La reducción de la productividad de la tierra provoca un aumento del hambre, la pobreza y el desempleo y perjudica a las economías locales y nacionales. A muchas personas no les queda otra opción que migrar de las zonas rurales de las que son originarias a las ciudades o a otros países.

 

¿Cuál es su importancia? Los suelos degradados no pueden producir la misma cantidad ni diversidad de alimentos, lo que dificulta aún más el acceso de la población rural más pobre a los nutrientes que necesitan y compromete sus medios de vida.

Por ejemplo, en el Sahel, la subsistencia de unos135 millones depende actualmente de las tierras degradadas, y la superficie de estas tierras en la región aumenta año tras año.

Esa es la razón por la que el FIDA participa en la Iniciativa de la Gran Muralla Verde, un proyecto histórico para frenar el avance del desierto en el Sahel. Gracias a la restauración de los ecosistemas, el incremento de la seguridad alimentaria, la mejora de los medios vida y la consolidación de la paz, millones de productores en pequeña escala y poblaciones rurales de 11 países africanos están aumentando su resiliencia al cambio climático y reforzando sus economías nacionales.

 

1 300 millones de personas podrían disfrutar de mayor seguridad alimentaria si se recurriese a la agrosilvicultura para rehabilitar los ecosistemas degradados.

El cambio climático y la desertificación son dos de los principales factores que contribuyen a la inseguridad alimentaria, especialmente en las zonas que dependen en gran medida de la agricultura.

Actualmente, las prácticas insostenibles relacionadas con el cultivo de arroz, maíz y trigo conllevan pérdidas financieras anuales a nivel mundial que se elevan a USD 56 600 millones, cómputo al que han de sumarse USD 8 700 millones debido a la reducción de la productividad ganadera provocada por la degradación de los pastizales.

¿Cuál es su importancia?

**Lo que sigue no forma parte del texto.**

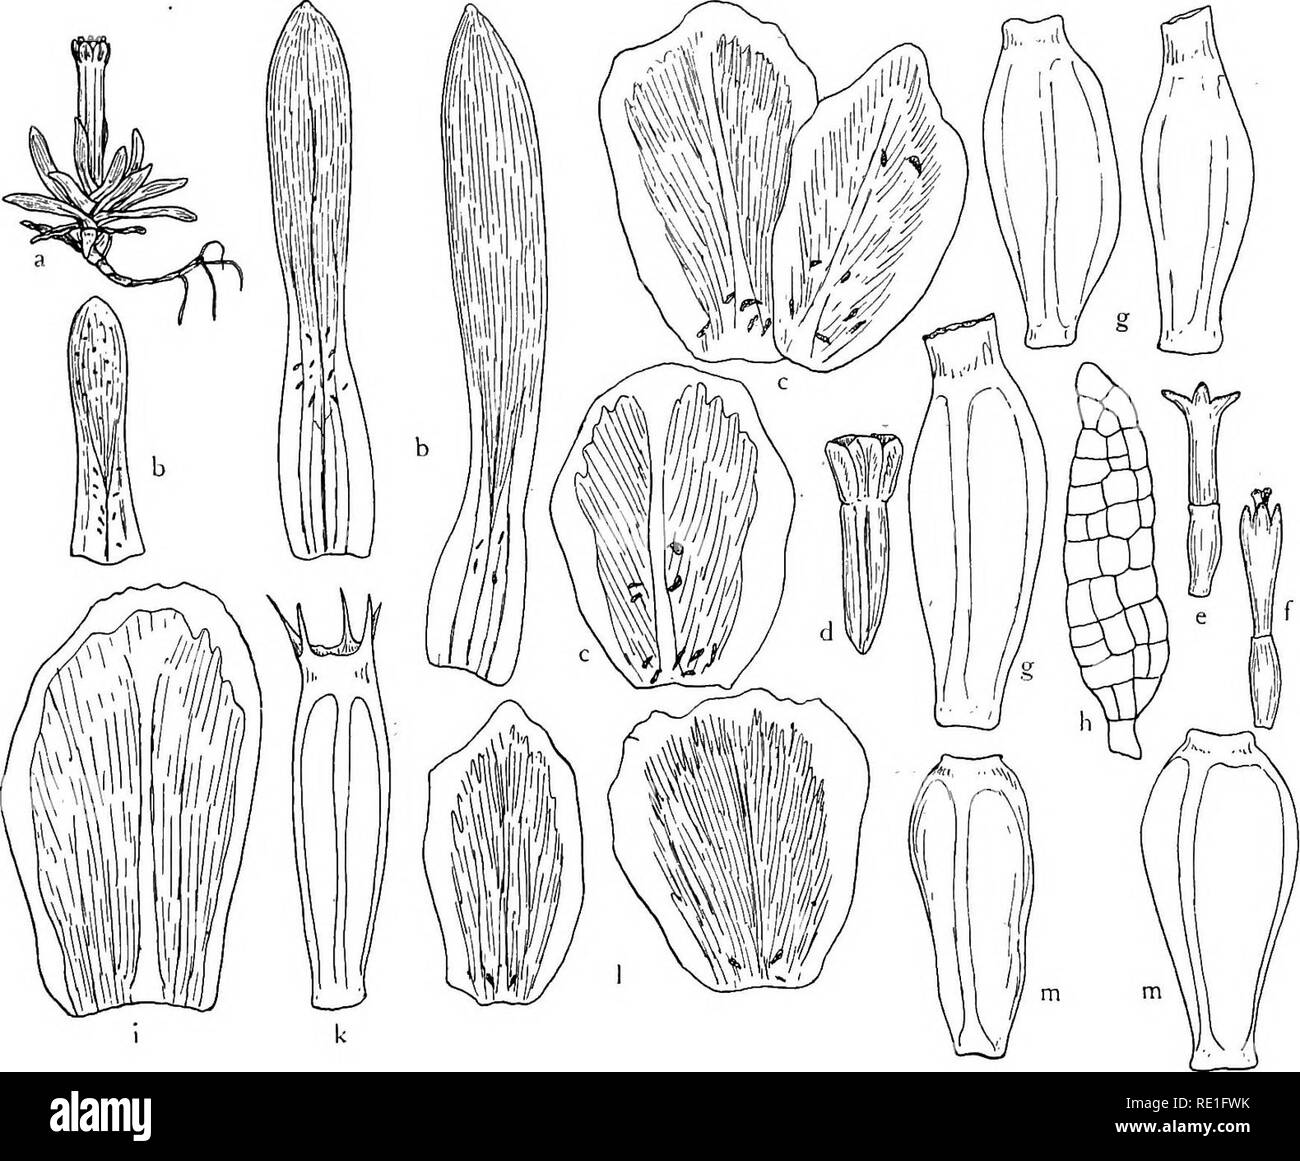 . The phanerogams of the Juan Fernandez Islands. Botany. THE PHANEROGAMS OF THE JUAN FERNANDEZ ISLANDS 189 10—15 mm longus et 1,5—2,5 mm crassus, basi semper tenuis, leviter angulatus, monocephalus. Capitulum circ. 3 mm diam. Involucrum 6—8-phyllum squamis ovatis—latissime obovatis, obtusis, ± truncatis, viridibus apice ± roseo, margine hyalinis, uninerviis, basi praesertim glandulis (supra depictis) munitis, 2—2,2 mm longis. Flores obscure rubri, pauci—sat numerosi (ad 16 visi), circ. 3 mm longi: ^ perpauci, $! magis numerosi, omnes fertiles, stylus floris g distincte bifido fere ut in $. Cal Stock Photo

La restauración de los ecosistemas productivos resulta fundamental para garantizar que todas las personas obtienen la cantidad adecuada de alimentos nutritivos y variados, aun cuando el clima está cambiando.

En el Níger, la labor de restauración de las tierras llevada a cabo por el FIDA ha permitido rehabilitar 101 000 hectáreas y aumentar el rendimiento de los cultivos hasta un 40 %.

Por otro lado, en las tierras altas del sur de Jordania, donde el riego es todo un desafío debido a los cada vez más escasos recursos hídricos, la gestión sostenible de las tierras impulsada por el FIDA ha beneficiado a 134 000 personas y ha permitido rehabilitar 15 000 hectáreas de ecosistemas degradados y reducir la erosión del suelo.

 

Necesitamos USD 8,1 billones para 2050 a fin de abordar eficazmente las crisis interrelacionadas del clima, la biodiversidad y la degradación de las tierras.

Para 2030, debe triplicarse la inversión mundial en soluciones basadas en la naturaleza, y cuadriplicarse para 2050 para dar respuesta a esas crisis.

¿Cuál es su importancia? Aunque pueda parecer mucho, es una inversión que, en el futuro, aporta enormes beneficios. Cada dólar invertido en rehabilitar la naturaleza puede generar un rendimiento económico de hasta USD 30.

La ampliación del Programa de Adaptación para la Agricultura en Pequeña Escala (ASAP+) del FIDA, que apunta a ser el mayor fondo dedicado a canalizar financiación para el clima en favor de los pequeños productores, se propone movilizar USD 500 millones en financiación para la adaptación al cambio climático.

Estas medidas resultan clave para reducir la pobreza, ayudar a los productores a adaptarse al cambio climático y rehabilitar las tierras degradadas.